I am Wenxuan Song (宋文轩), a second-year Ph.D. student in the ROAS Thrust at the Hong Kong University of Science and Technology (Guangzhou), advised by Haoang Li. My research focuses on foundation models for embodied intelligence. I have been conducting research in embodied intelligence and robot learning, with publications in top-tier venues including ICLR, ICRA, CVPR, and the IEEE Transactions series. So far, I have published 15 papers, including 8 first-author or co-first-author papers.

My work ReconVLA: Reconstructive Vision–Language–Action Model as Effective Robot Perceiver received the AAAI 2026 Best Paper Award.
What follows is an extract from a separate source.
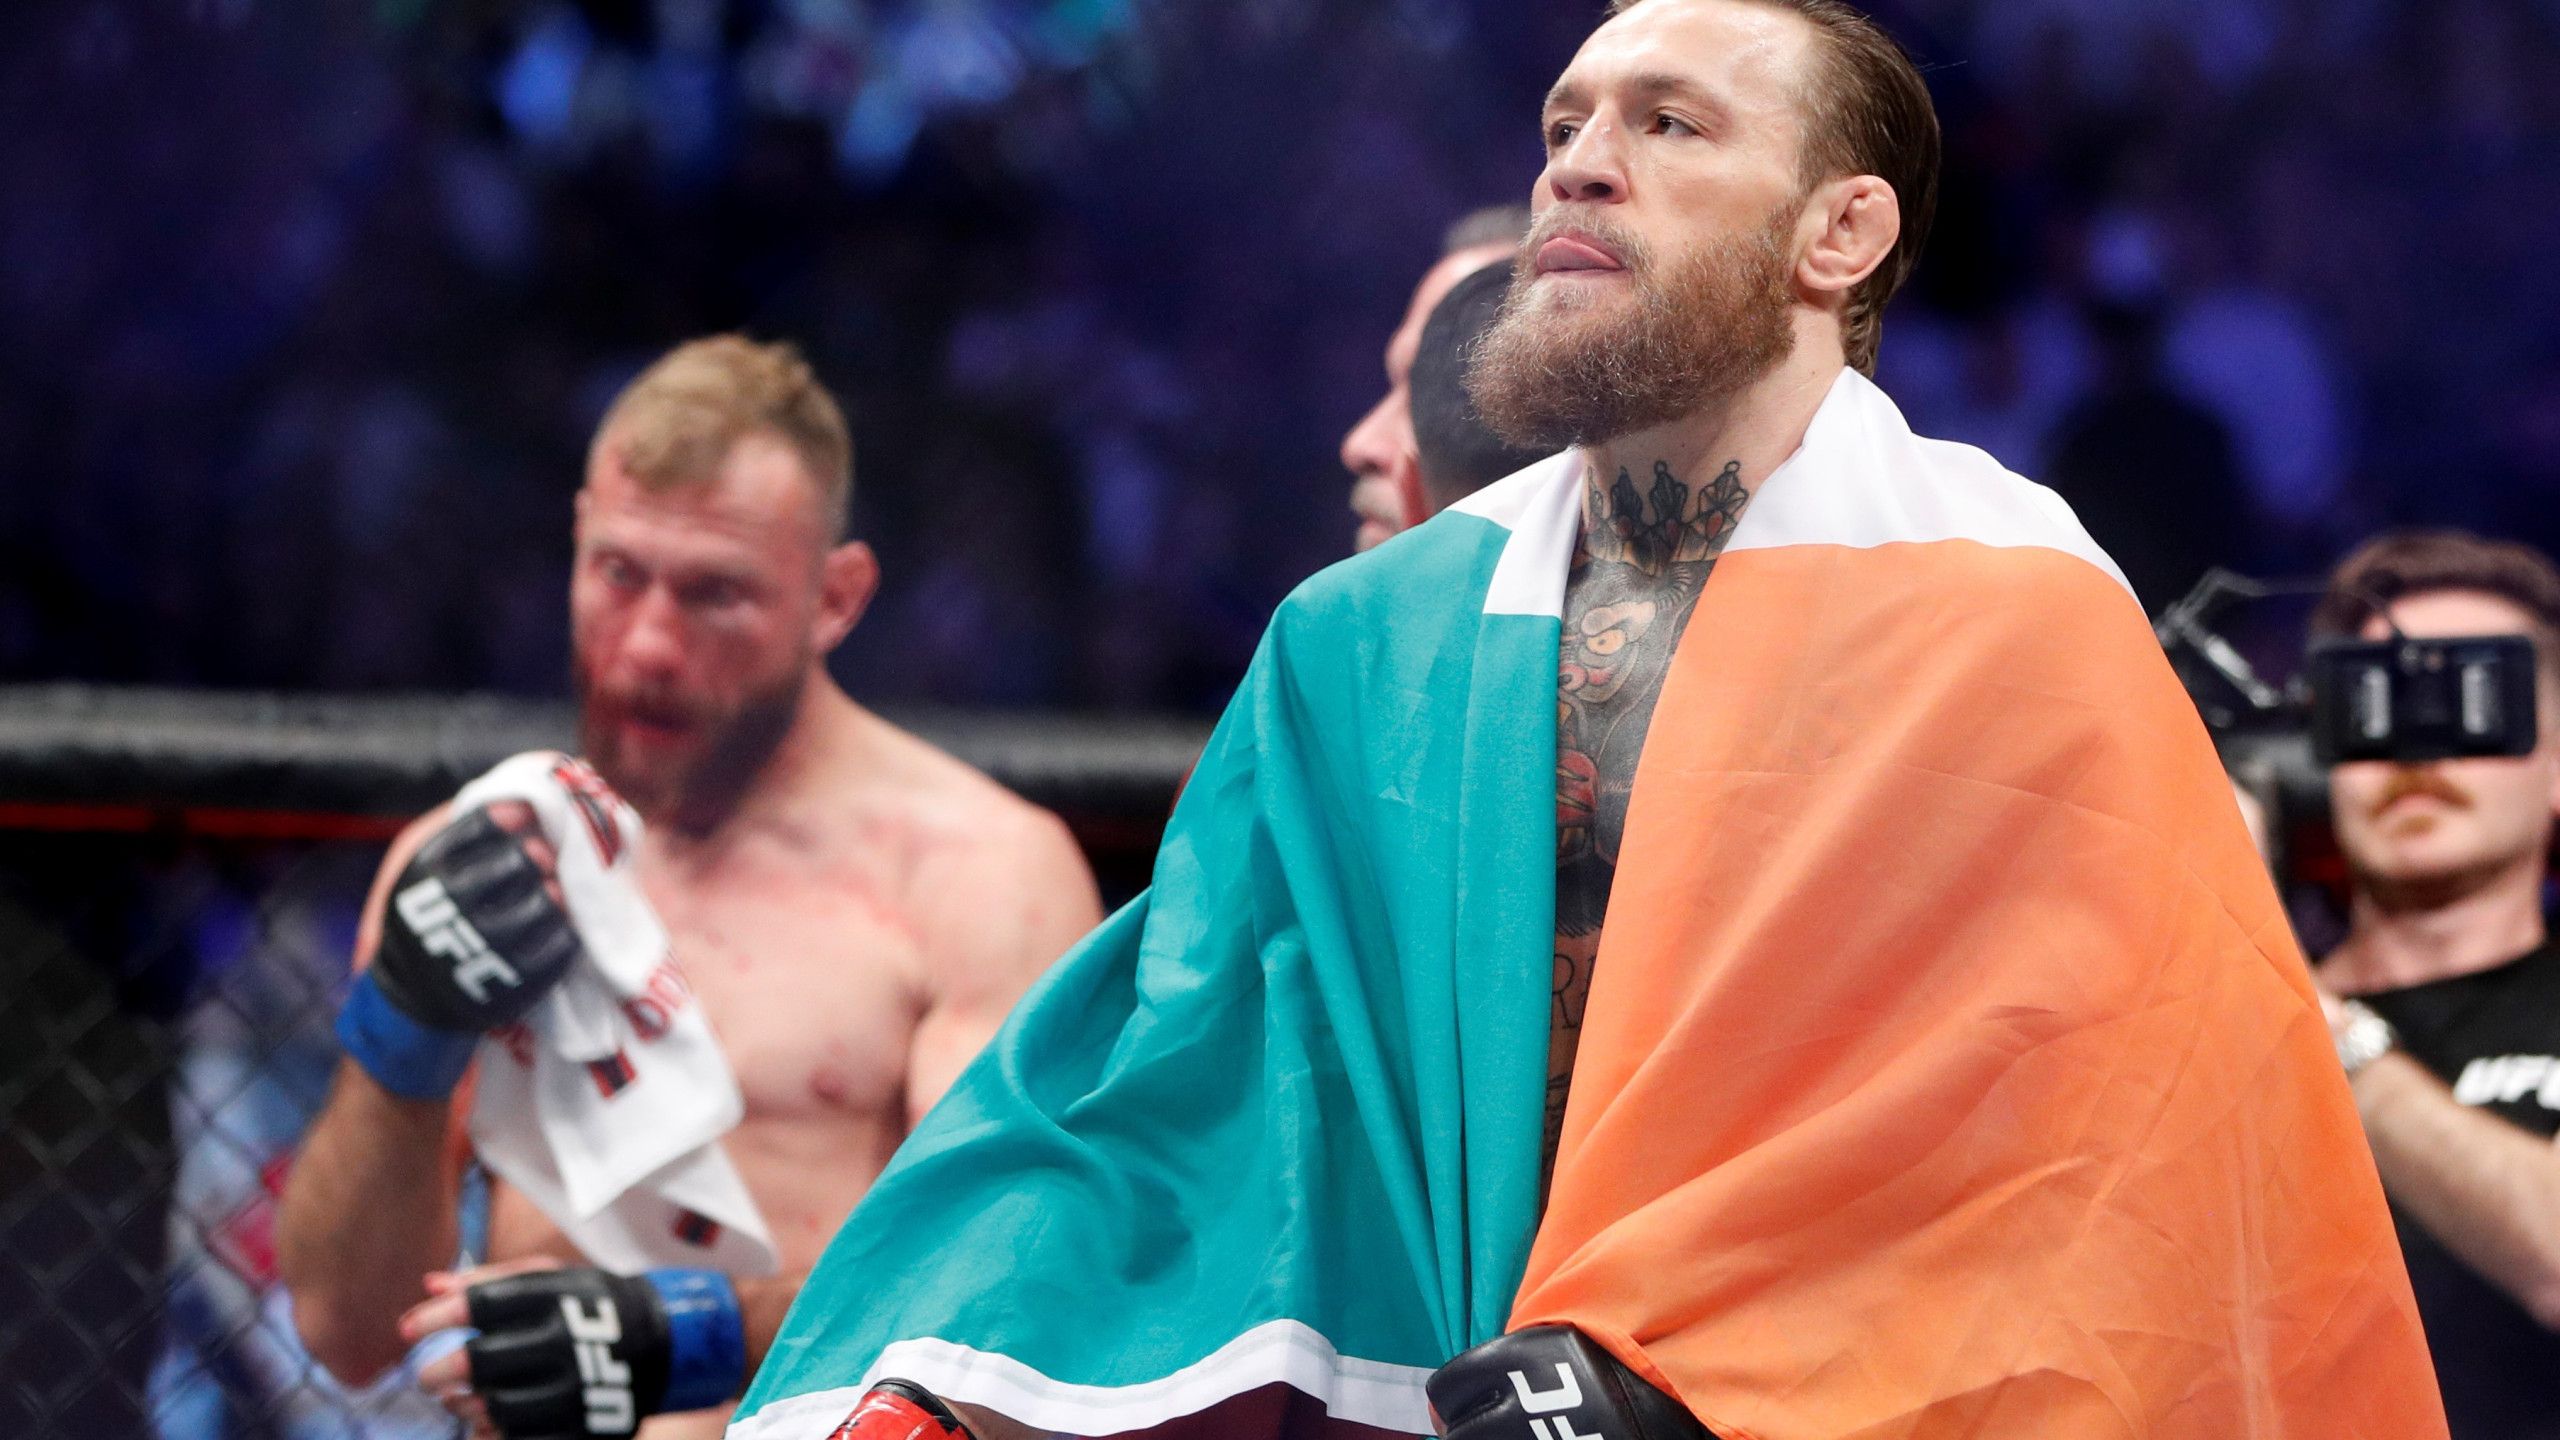 Conor McGregor defeats opponent in 40 seconds in UFC return

To the best of my knowledge, it is the first embodied AI work to receive a best paper award at a top-tier machine learning conference. This work also initiated the research direction of robot visual representation alignment. Follow-up work in this line, Spatial Forcing, was adopted in the runner-up solution of the IROS 2025 Agibot World Challenge and was later accepted to ICLR 2026. I was also honored as an ICML 2026 Gold Reviewer.
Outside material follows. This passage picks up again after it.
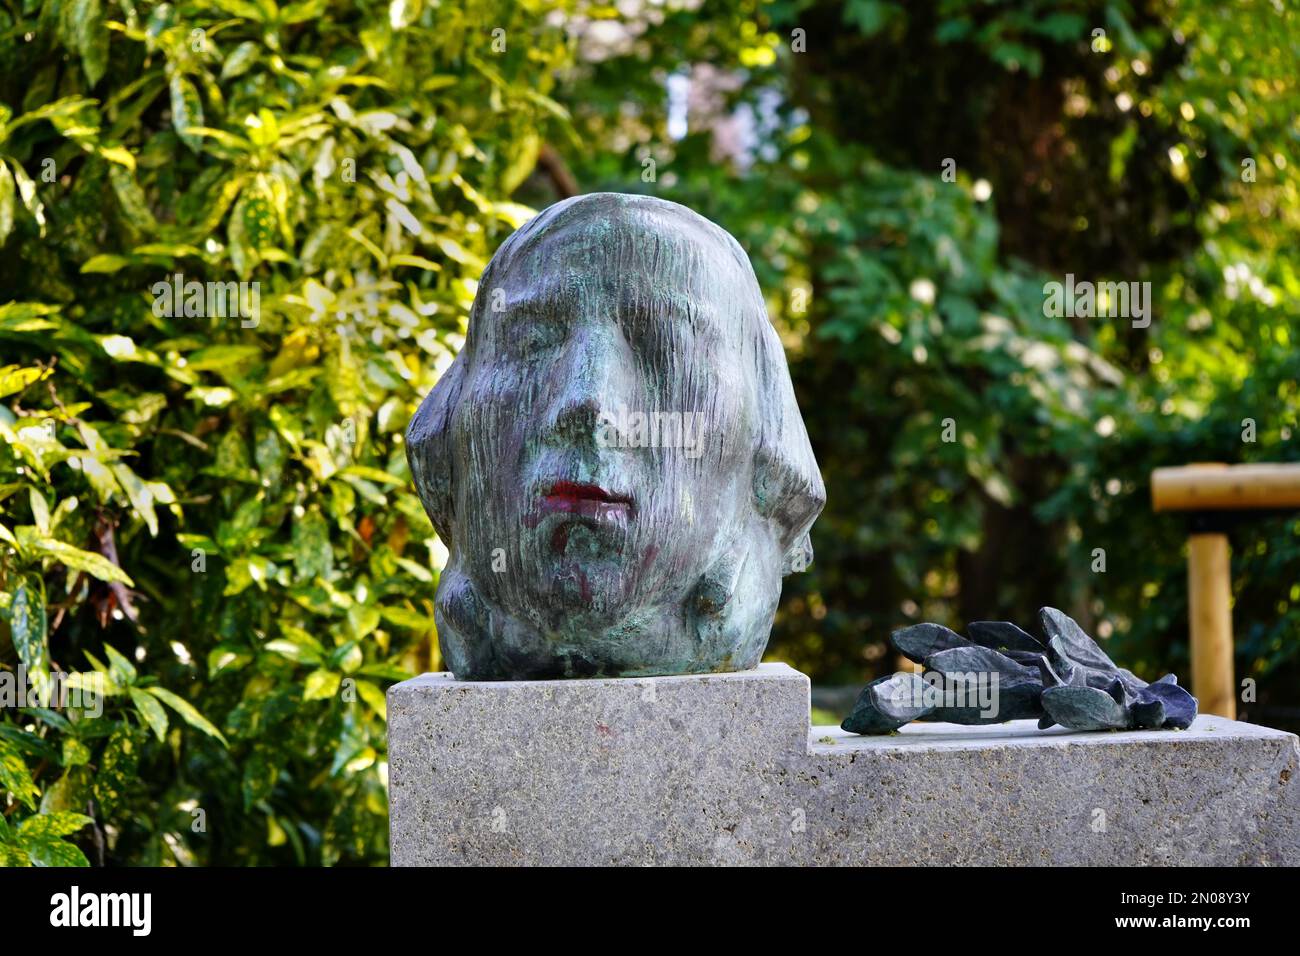 Monument du compositeur allemand Robert Schumann dans le parc public Hofgarten à Düsseldorf/Allemagne, dévoilé en 1956. Sculpteur: Karl Hartung. Banque D'Images

Beyond research, I am a co-founder of the open-source organization OpenHelix Team, where the repositories I have substantially led or contributed to have collectively gained over 4,000 GitHub stars. My work has been adopted in industrial models by companies such as Ant Lingbo and Xiaomi, and has been widely recognized both in academia and industry. Related work has also been featured by MIT Technology Review.
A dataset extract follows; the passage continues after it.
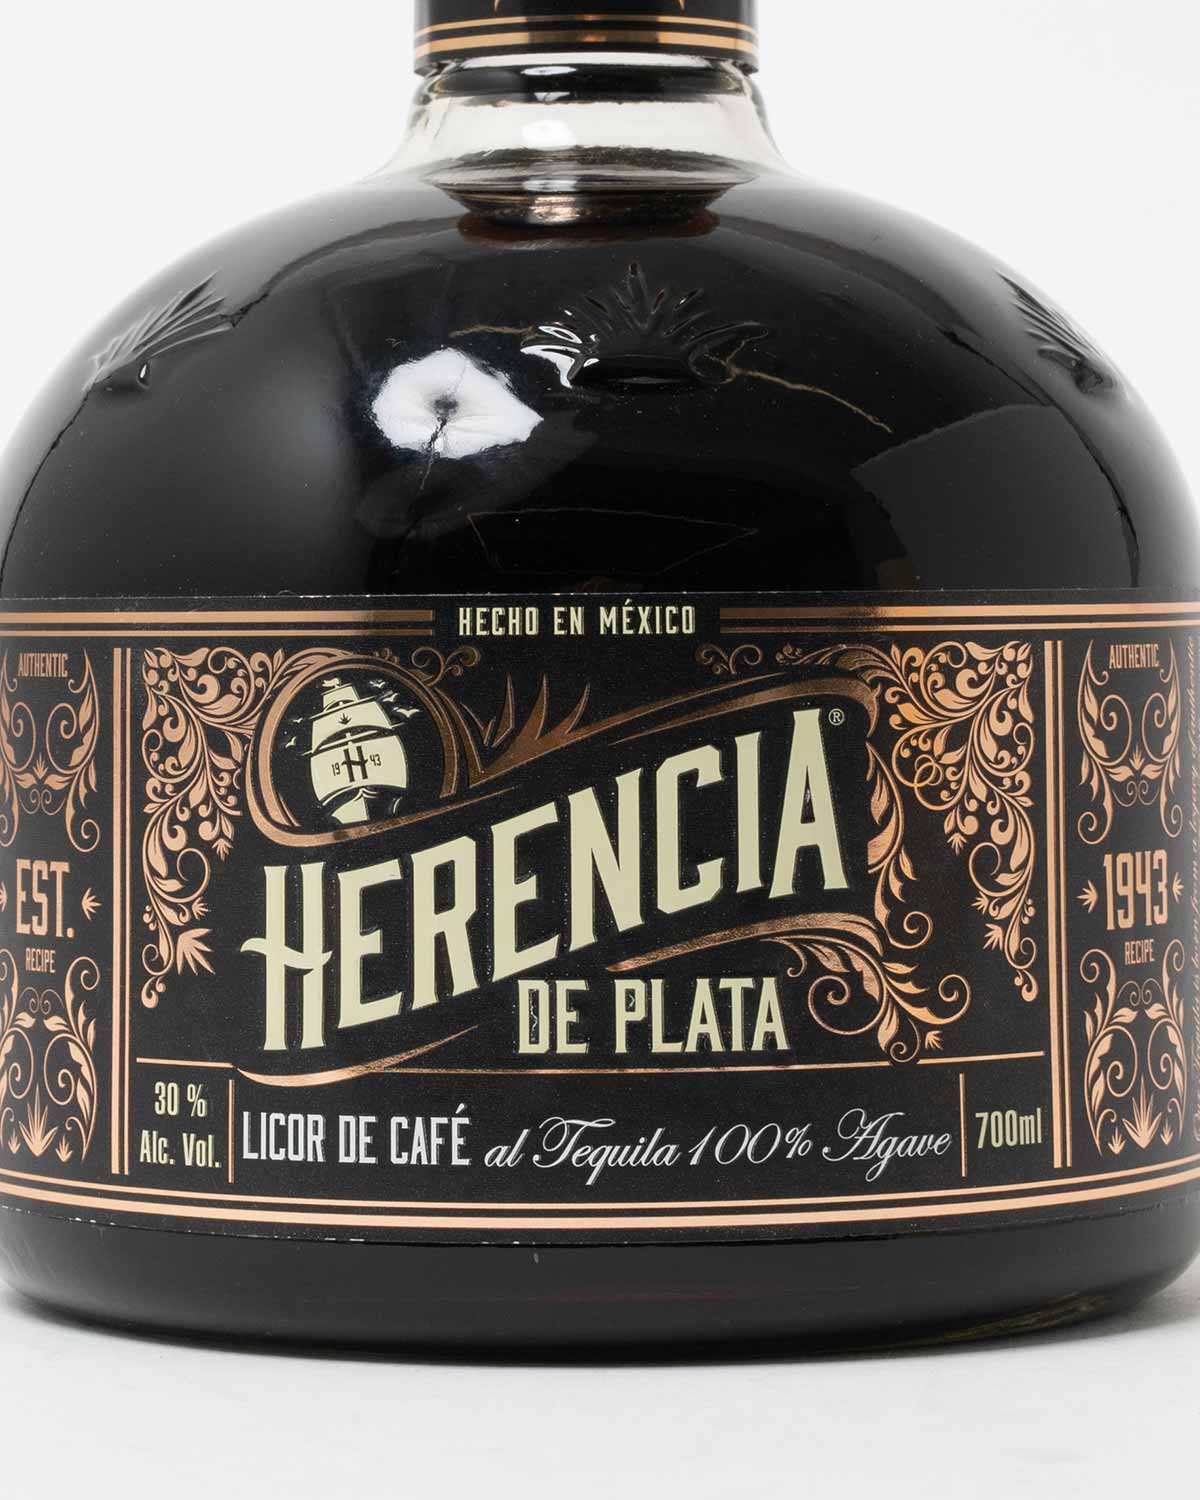 HERENCIA DE PLATA LICOR DE CAFE 700ml

Previously, I received my Bachelor’s degree in Robotics at Harbin Institute of Technology (HIT), Weihai Campus, advised by Minghang Zhao and Bo Huang. I was also a visiting student at MiLab, Westlake University, supervised by Donglin Wang, and I have maintained close connections with Pengxiang Ding and Han Zhao, from whom I have learned a great deal. I also spent time at Monash University, supervised by Zongyuan Ge and Xuelian Cheng.

In recent years, I was named one of the 2025 Embodied AI Next-20 (EAI Next-20), and became a member of the BAAI Qingyuan Society.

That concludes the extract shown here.